Lundi 25 mai 2020
Les raisons d’un malaise générationnel
Si l’on pense bien au processus historique de l’Algérie, surtout en ce qui a trait au créneau économique, on ne peut s’empêcher de se référer au livre-culte « Le développement du sous-développement », paru en 1969, chez Maspéro, du grand économiste allemand André Gunder Frank.
Pays à caractère agricole par excellence, l’Algérie s’est fourvoyé dès le recouvrement de l’indépendance dans des logiques contradictoires, oscillant entre domaines autogérés et coopératives agricoles, de type socialiste. Gâché dans les luttes de pouvoir, l’intermède 62-65, fut un total fiasco sur tous les fronts.
Après le socialisme de la mamelle des années 1970, les trois révolutions industrielle, agraire et culturelle, l’Algérie s’est orienté, sans grand succès vers le P.A.P (programme anti-pénurie). Le slogan « Pour une vie meilleure » a donné à l’Algérien lambda la fausse illusion de prospérité. Ce dernier a cru, par naïveté, que son pays, ouvert à l’époque à l’économie de bazar avec des souks el-fellah bien achalandés et à l’importation intensive du shampoing, des fromages étrangers et des bananes, était en passe de se hisser au rang des nations développées.

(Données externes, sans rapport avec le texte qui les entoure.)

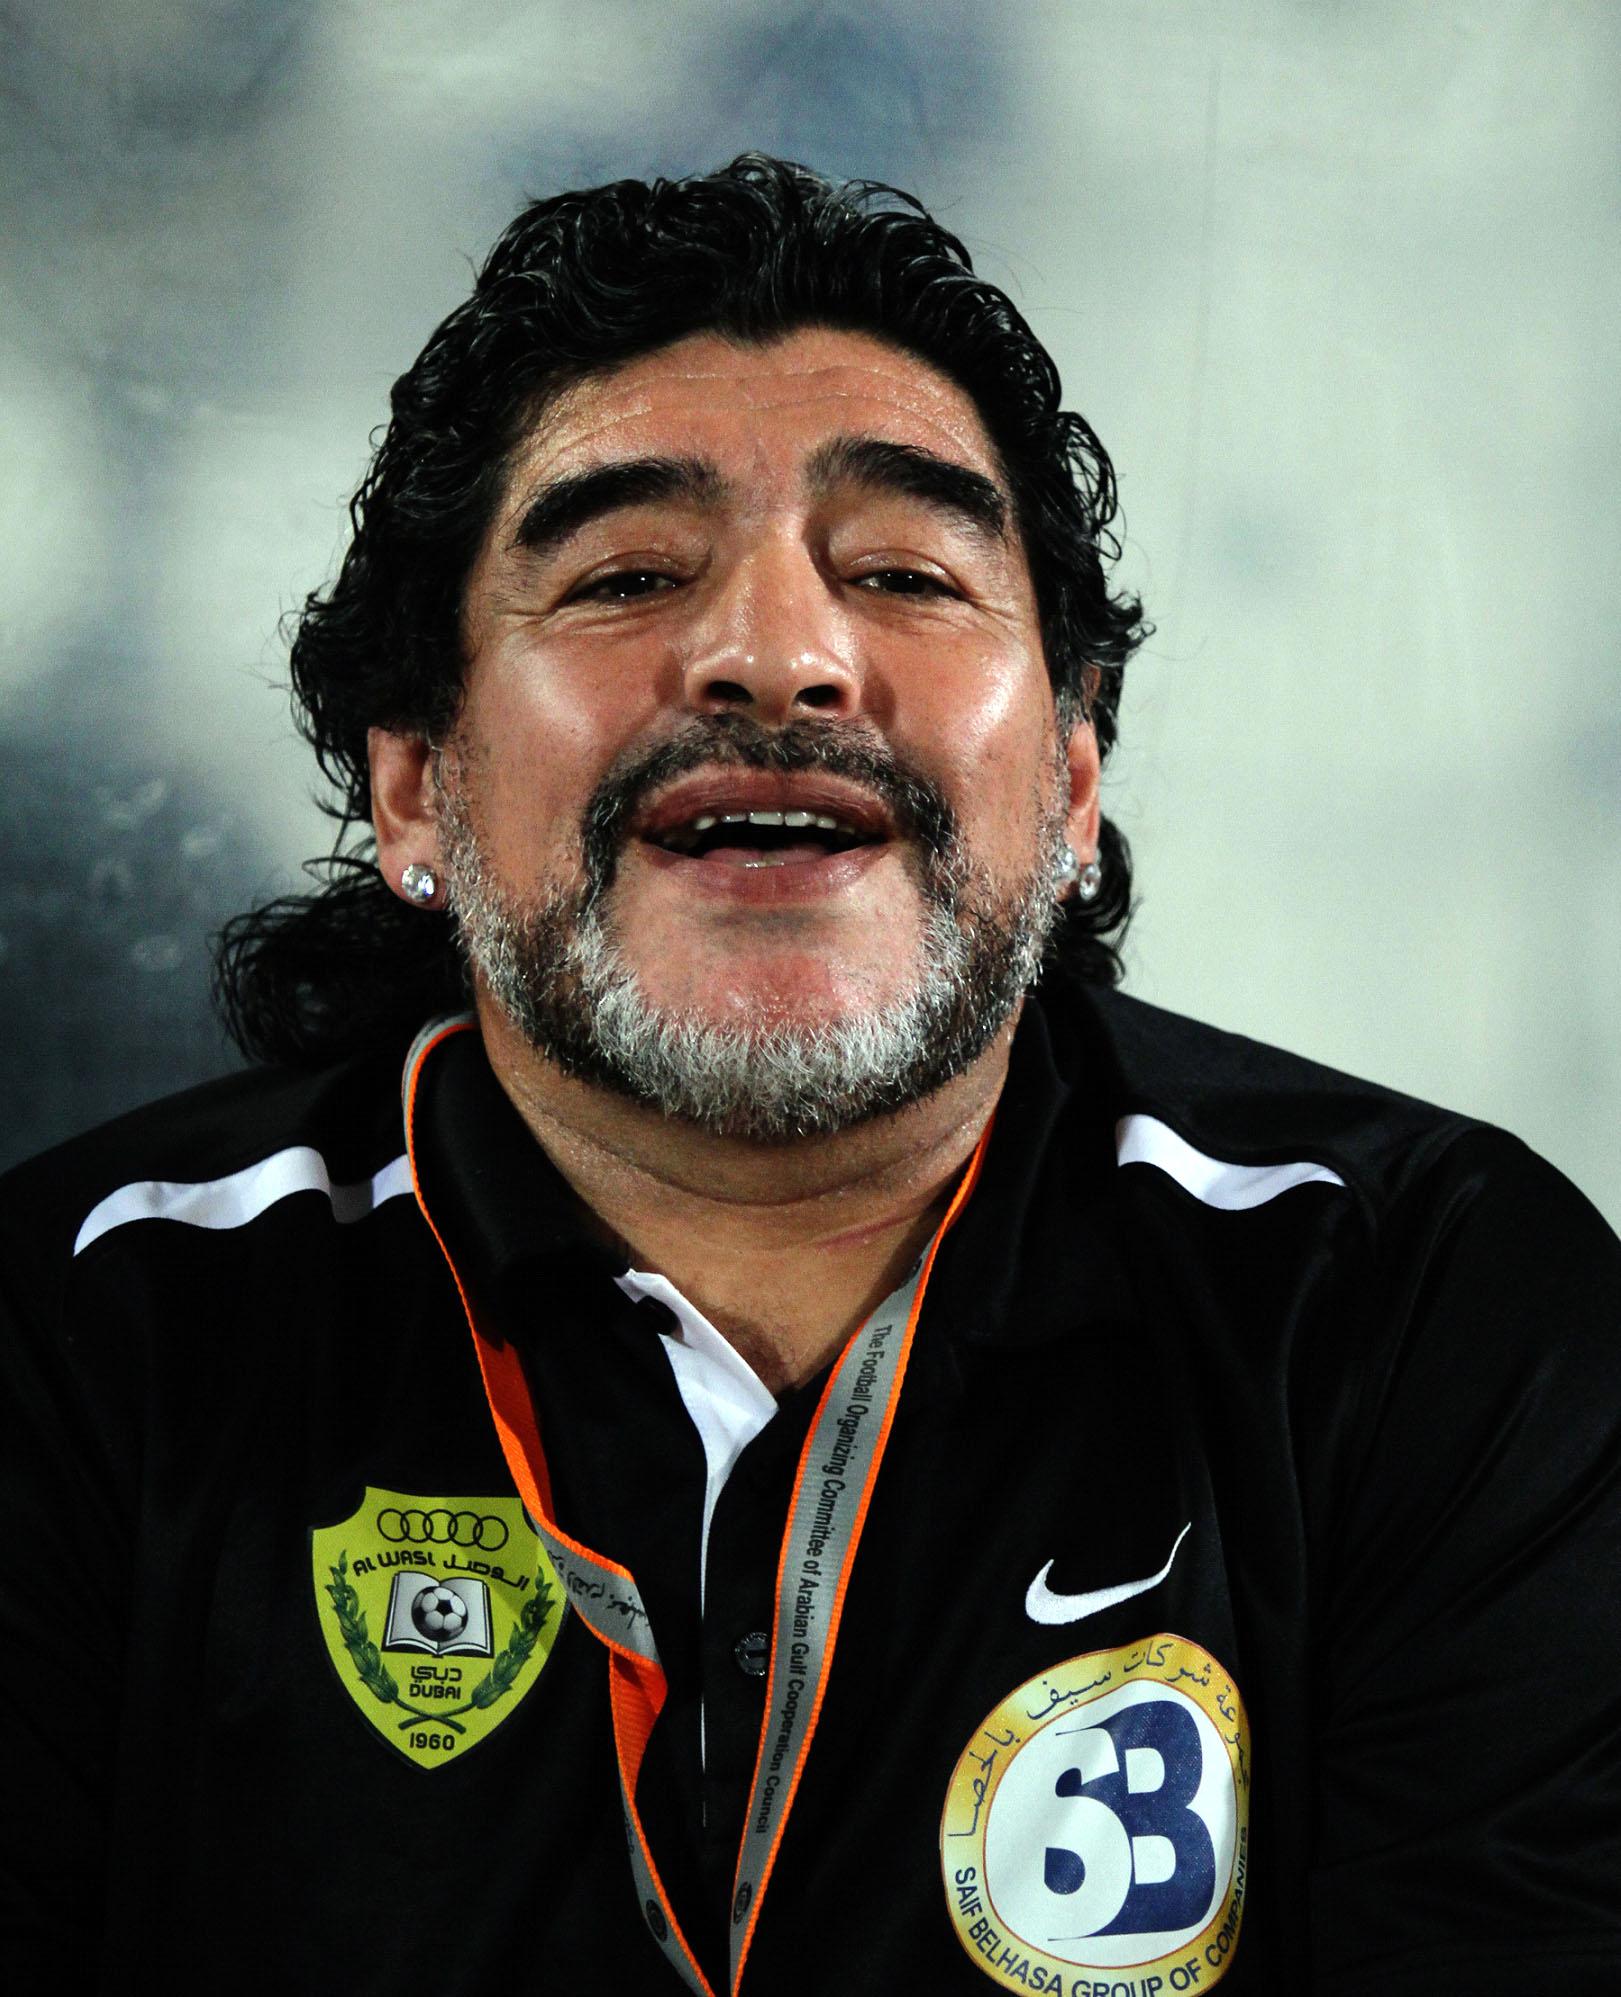 Where Diego Armando Maradona is a God, Literally   Maradona

Or, la situation a été beaucoup moins reluisante qu’il n’y paraît, et l’ère Boumédiène, malgré sa poigne de fer, fut, ironie du sort, dès l’entame de la présidence de Chadli l’âge d’or tant fantasmé par beaucoup de générations d’Algériens déçus. Choc pétrolier, dettes extérieures, dépression économique, corruption, problème de logement, pénurie, instabilité sociale, hémorragie de la fuite des cerveaux, etc., tout a été mis à la sauce pour pourrir la vie de la jeunesse.
La cassure entre le peuple et son élite était déjà là, et les événements d’Octobre 1988 ne furent que la résultante du mépris autoritaire de ceux d’en haut (les soi-disant super-Algériens) vis-à-vis de ceux d’en bas (les Algériens du Deuxième collège). Le décalque néocolonial aura commencé à cette date-là. Il est vrai que, même s’il a commis des erreurs sur le volet des libertés individuelles, le problème identitaire et dans la question de la révolution agraire, Bouméediène n’en reste pas moins, en quelque sorte, un pionnier en matière de réformes industrielles. L’Algérie s’est transformé, grâce à une stratégie économique optimiste et à la vingtaine de milliards de dollars perçus de la rente pétrolière, en un immense chantier. Ainsi s’est-elle dotée d’une infrastructure industrielle très solide qui reste, des décennies durant, un patrimoine industriel inestimable pour toute la nation.
Toutefois, le manque de vision à long terme des dirigeants de ces années-là, conjuguée à l’autoritarisme et à la conjoncture internationale peu amène de l’époque, ont pesé lourd sur l’Algérie par la suite.
Les perturbations sociales du début 1990, la guerre civile, le choc social, le malaise identitaire qui s’ensuivirent, en tirent leur origine. Affaiblie économiquement jusqu’au point d’aller s’endetter pour végéter, pillée, désunie, humiliée, meurtrie, perturbée par les ingérences subites et malintentionnées de l’ex-colon qui ne cherche qu’à la faire plier à ses desiderata, poussée dans le pertuis de la haine de soi et de ses racines, l’Algérie n’a pu compter que sur courage et la débrouillardise de ses enfants pour survivre.